Голова может разболеться и от солнца. Если я время от времени ссылаюсь на чужое мнение, на чужую мысль, прошу за это извинения; может, эта мысль мне чем-то понравилась (а другим может и не понравиться), потому я ее и записал. Точно так же я могу упомянуть и то, что вчера после обеда слегка моросило, а к вечеру снова прояснилось, или что в прошлом году уродилось много яблок. То есть, я вовсе не болен. Зато довольно часто чувствую усталость, особенно в послеобеденные часы, меня охватывает рассеянность, сонливость. Я хожу и ничего вокруг не замечаю. Кто-то обращается ко мне, а у меня его слова пролетают мимо ушей. А потом долгое время спустя переспрашиваю, о чем он говорил. Иду по улице и порой вдруг не могу вспомнить, куда направляюсь.
Как-то раз останавливает меня незнакомый человек и шепчет на ухо: «Послушайте, Матей Гоз, а вы порядочная свинья!»
Я готовлюсь к долгому разговору.
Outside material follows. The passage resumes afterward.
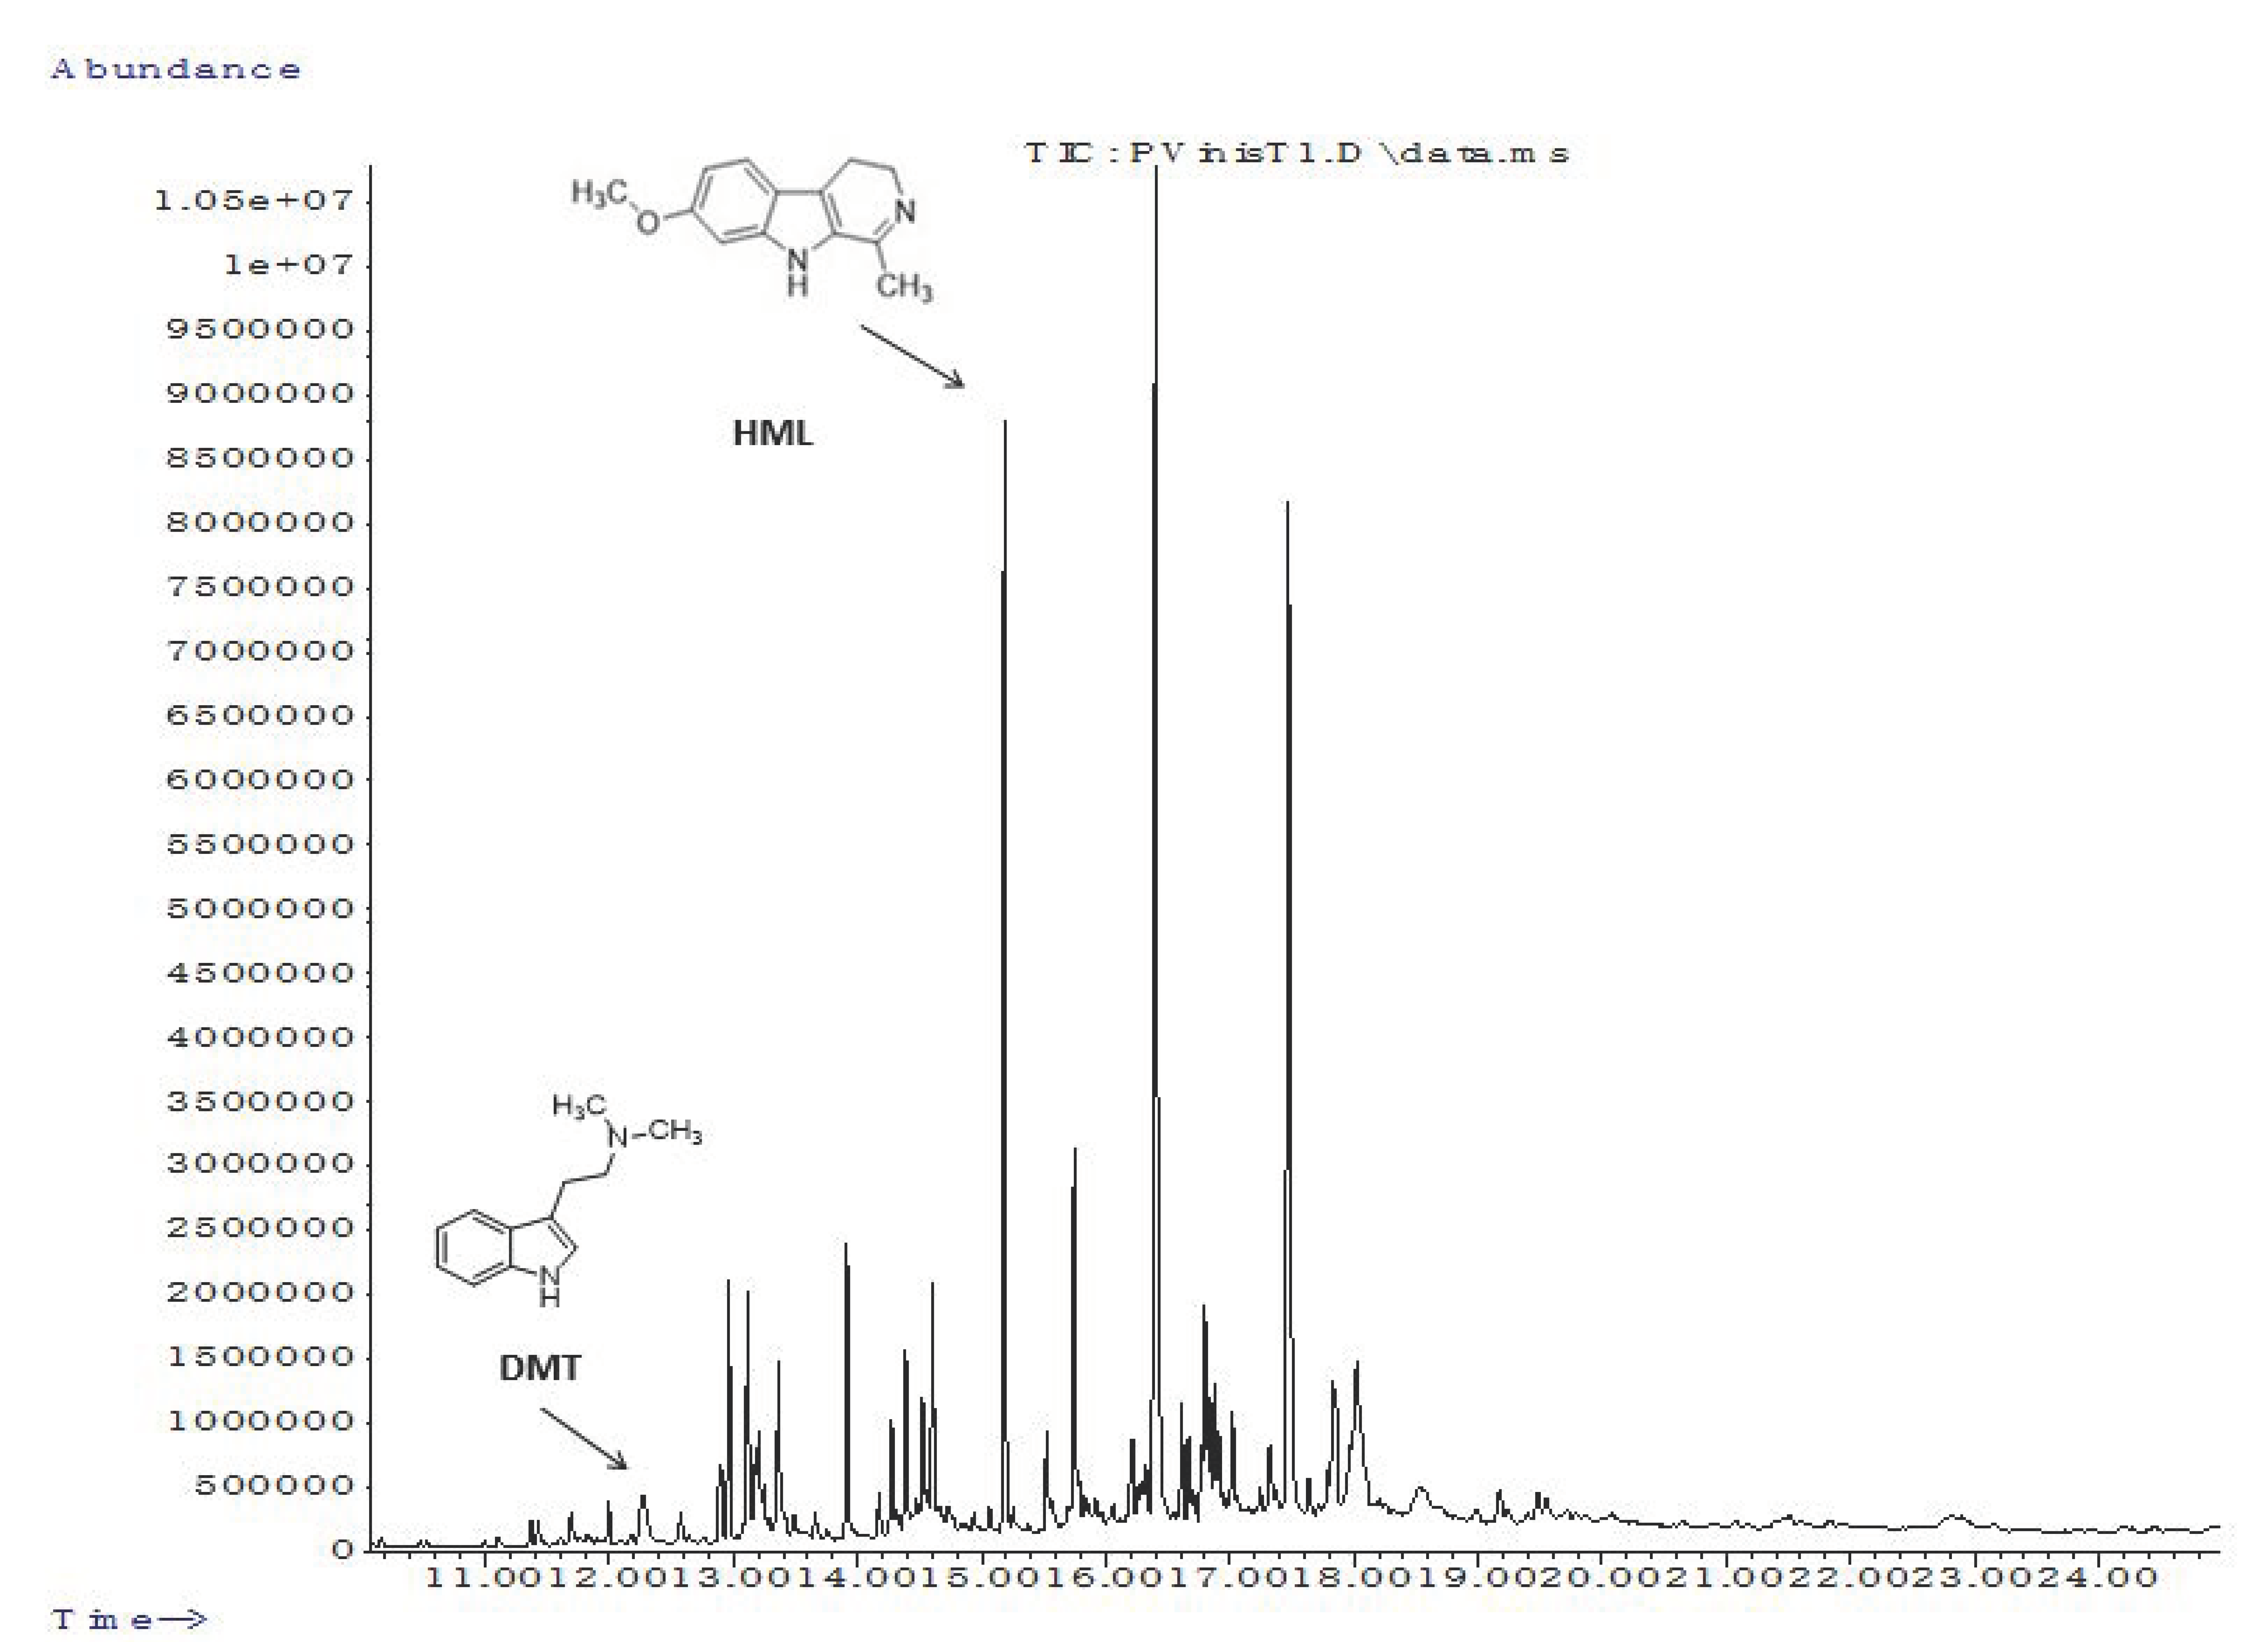 Pierce™ Dimethylsulfoxide (DMSO), LC-MS Grade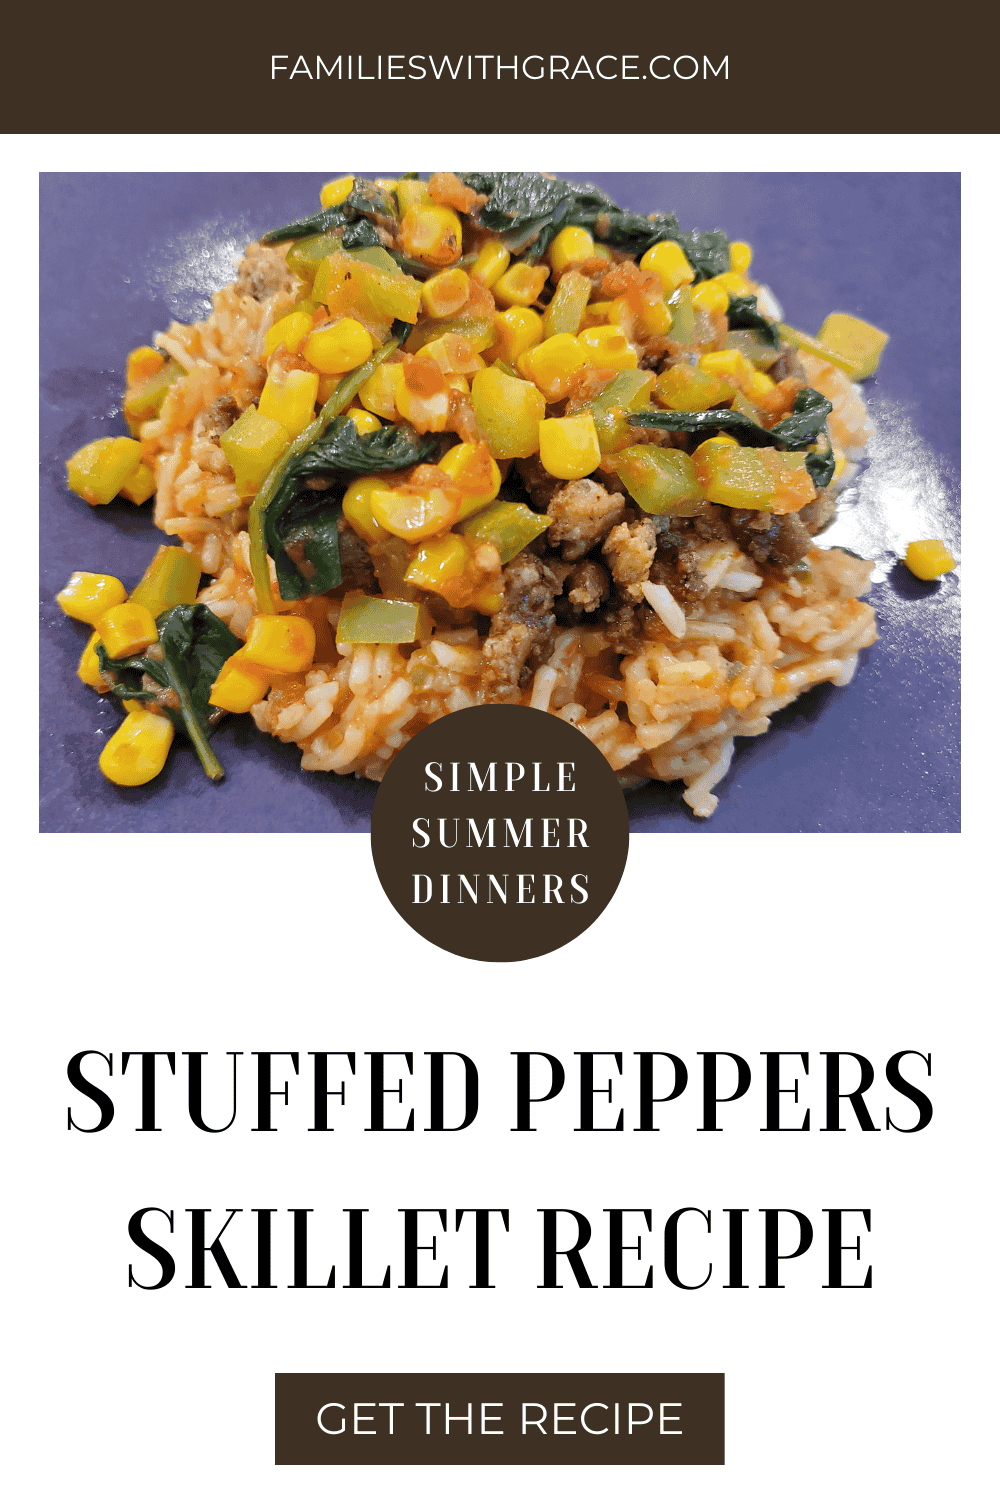 Stuffed peppers skillet recipe

Мужчина выпячивает нижнюю губу, на ней блестит слюна. Собирается в меня плюнуть. Потом отворачивается, идет прочь и сплевывает через несколько шагов. Я стою на тротуаре, оглядываюсь кругом и жду объяснения. Потом решаю, что это наверняка какой-то хулиган, надо бы его догнать или ударить сразу же на месте.
Иду дальше, нехотя отвечаю на фальшивые улыбки и приветствия знакомых (в таком маленьком городке знакомых полным-полно), может, загляну в ближайшую пивную, может, напьюсь. Но человека этого все никак не могу забыть! Сначала утешаюсь тем, что он, вероятно, меня с кем-то спутал. Черт! И что толку все время об этом думать? Надо смотреть на этот случай так, словно я его просто выдумал.
Однако, чтобы было ясно: меня зовут Матей Гоз. Мне тридцать восемь лет, а это возраст, когда человек уже может быть порядочной свиньей.
Я мог бы рассказать всю свою историю, и она бы стала свидетельством против меня. И я мог бы рассказать ее снова, и любой человек счел бы меня образцом для подражания. На улице каждый улыбнулся бы мне: «Матей Гоз, вы — святой человек! Рад пожать вам руку».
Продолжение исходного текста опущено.